BFM Business

"Pourquoi Alstom est une affaire d’Etat"

Loik Le Floch-Prigent défend le maintien d'Alstom dans le giron français.

Loik Le Floch-Prigent défend le maintien d'Alstom dans le giron français. - Fred Thaneau- AFP

Loik Le Floch Prigent, ancien président de la compagnie Elf, mais aussi de la SNCF et de GDF, estime que la vente des activités énergie du groupe français à General Electric n’est en rien justifiée. Entretien.

Malgré les doutes de la Commission européenne, la vente de l’intégralité des activités énergie d’Alstom à General Electric est en très bonne voie. Mais la manière dont se sont déroulées les négociations inquiète certains parlementaires – qui ont demandé en vain une commission d’enquête à ce sujet.

Quant à Loik Le Floch Prigent, tour à tour président de Elf, la SNCF et GDF, il estime que la direction d’Alstom a préféré lâcher l’entreprise pour éviter des poursuites aux Etats-Unis.

Pourquoi, selon vous, la vente des activités énergie d’Alstom est-elle une erreur?

On a voulu assurer la pérennité des sites de production, mais aucun diagnostic sérieux n’a été effectué. Soudain, et alors que rien ne pressait, on a décidé de vendre 70% des activités d’Alstom à General Electric. Dans la précipitation, on n’a pas essayé d’étudier les solutions alternatives qui auraient pu permettre de conserver Alstom dans le giron français. On n’a pas consulté les clients principaux du groupe, comme la SNCF, GDF-Suez ou EDF.

Les deux groupes évoquent une alliance, mais beaucoup prétendent qu’Alstom est clairement lésé dans la transaction...

Il ne s’agit pas d’une alliance, mais d’une absorption complète. Ce n’est pas du 50-50, mais plutôt 50% + une action en faveur de GE. C’est bien évidemment le groupe américain qui commande. Par ailleurs, puisqu’il a toujours été dit qu’Alstom, compte-tenu de ses activités cycliques, ne pouvait vivre qu’avec trois départements (énergie, transports et réseaux), on voit mal comment Alstom Transport va pouvoir survivre seul. Cette entité n’a pas la taille critique pour être pérenne. La direction du groupe et le gouvernement français sont bien sûr au courant, ce qui me fait dire qu’il s’agit d’une affaire d’Etat : nous sommes en train d’abandonner une pépite industrielle française!

Pourquoi tant de précipitation, selon vous?

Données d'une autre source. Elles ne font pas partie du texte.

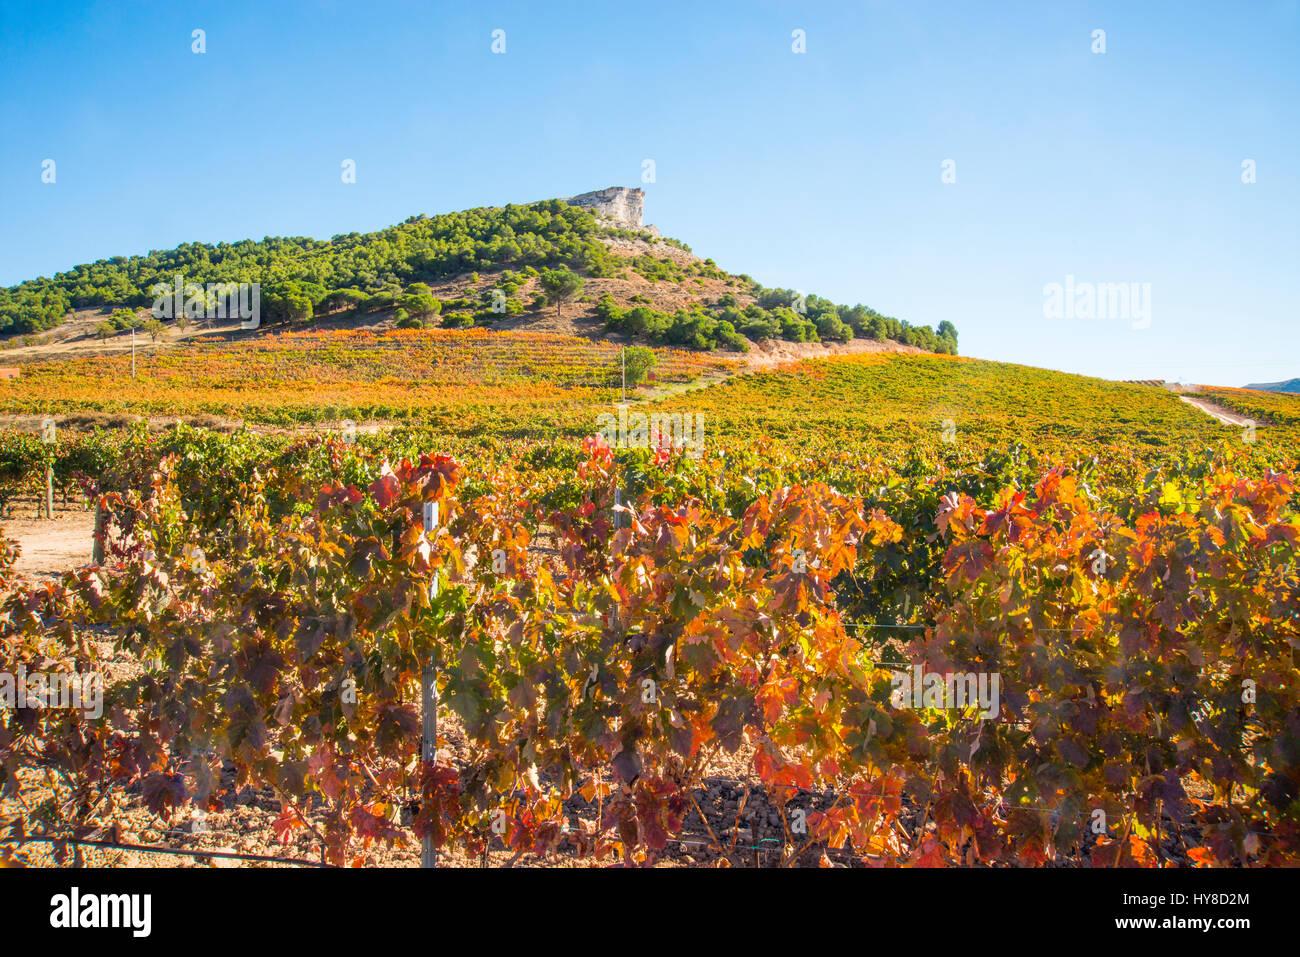 Vineyards in Autumn. Ribera del Duero, Valladolid province, Castilla Leon, Spain. - Stock Image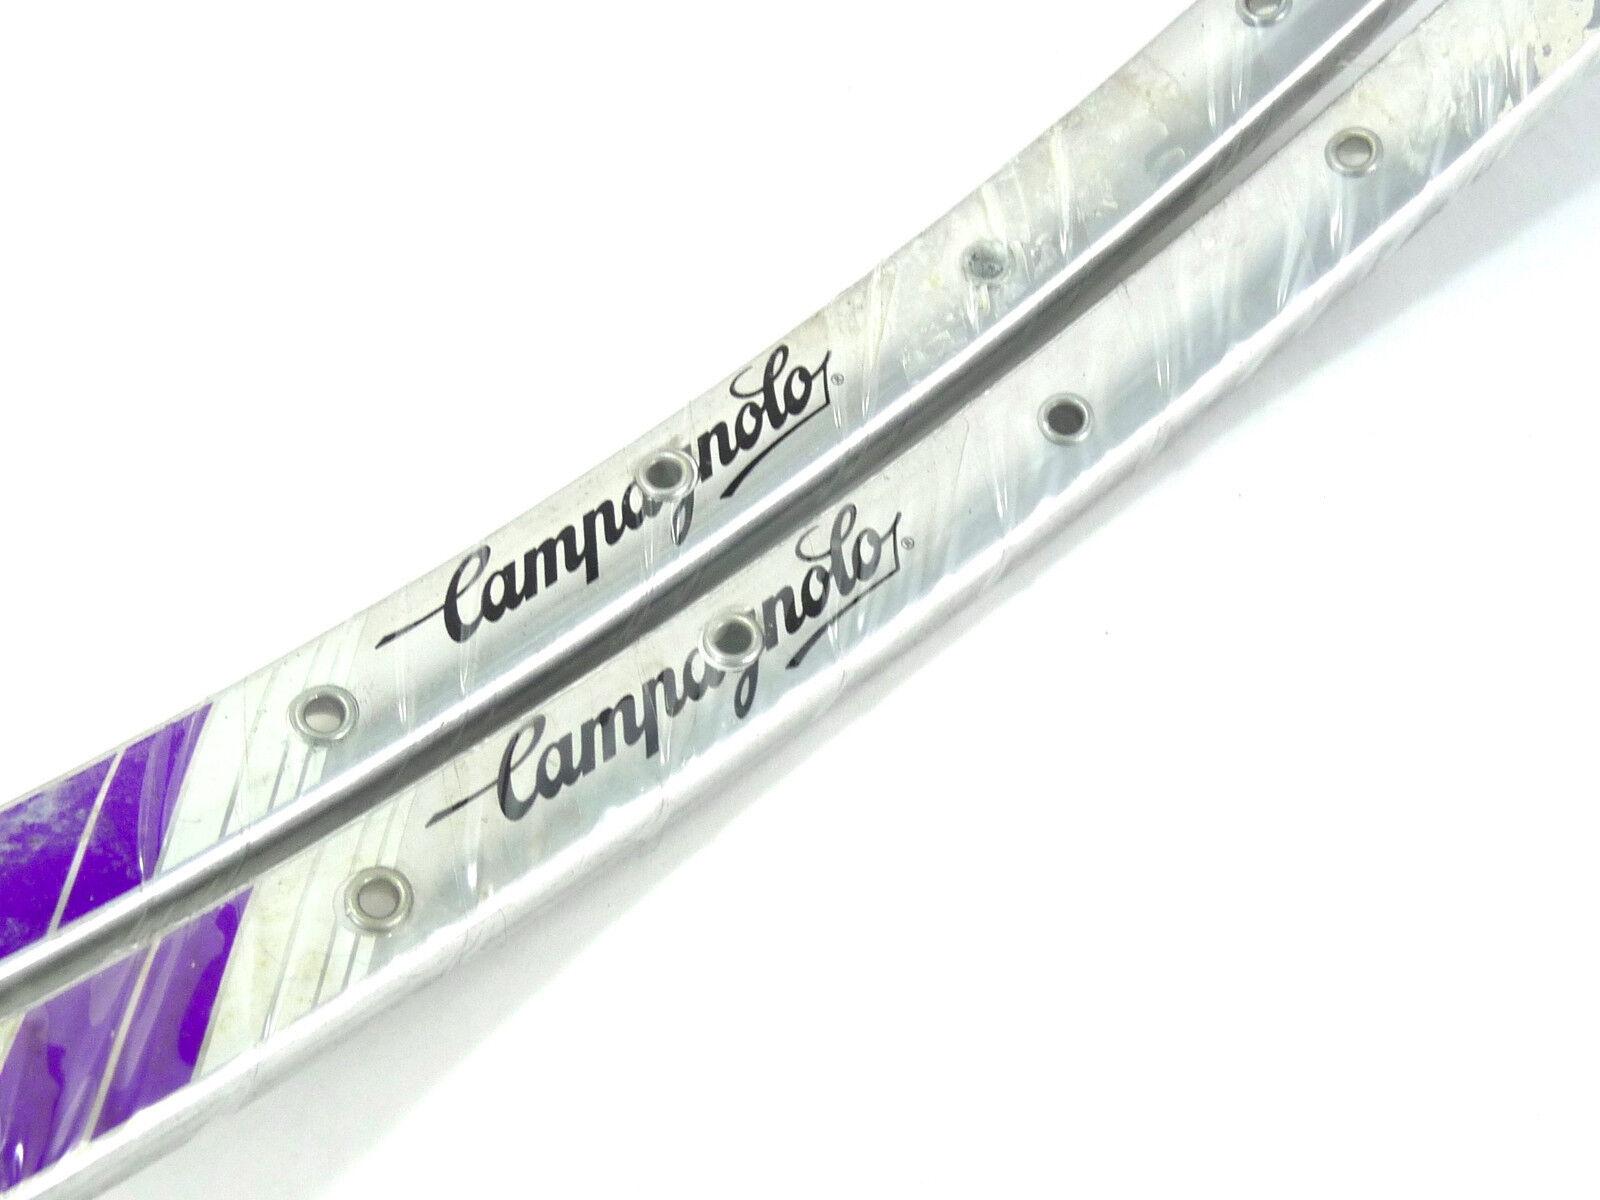 Campagnolo rim set 700c  Lambda Strada tubular 36h C Record Vintage LAST SET NOS  counter genuine

L’une des hypothèses consiste à dire que les problèmes liés à la justice américaine sont à l’origine de cette transaction*. Patrick Kron, le PDG d’Alstom, aurait ainsi conclu un arrangement afin d’éviter une situation similaire à celle de Siemens en 2008 (la direction du groupe allemand avait dû démissionner en bloc après des poursuites similaires à celles dont fait l’objet Alstom).

Pourtant, un cadre de l’entreprise a bien été condamné?

Effectivement, il a même été incarcéré pendant 14 mois aux Etats-Unis. Et, coïncidence troublante, il a été "libéré" au moment où les premiers accords ont été passés par Alstom et General Electric.

*Alstom était poursuivi aux Etats-Unis pour avoir versé des pots-de-vin afin de remporter des contrats dans plusieurs pays. Le groupe français a plaidé coupable, et devra payer près de 800 millions de dollars d’amende.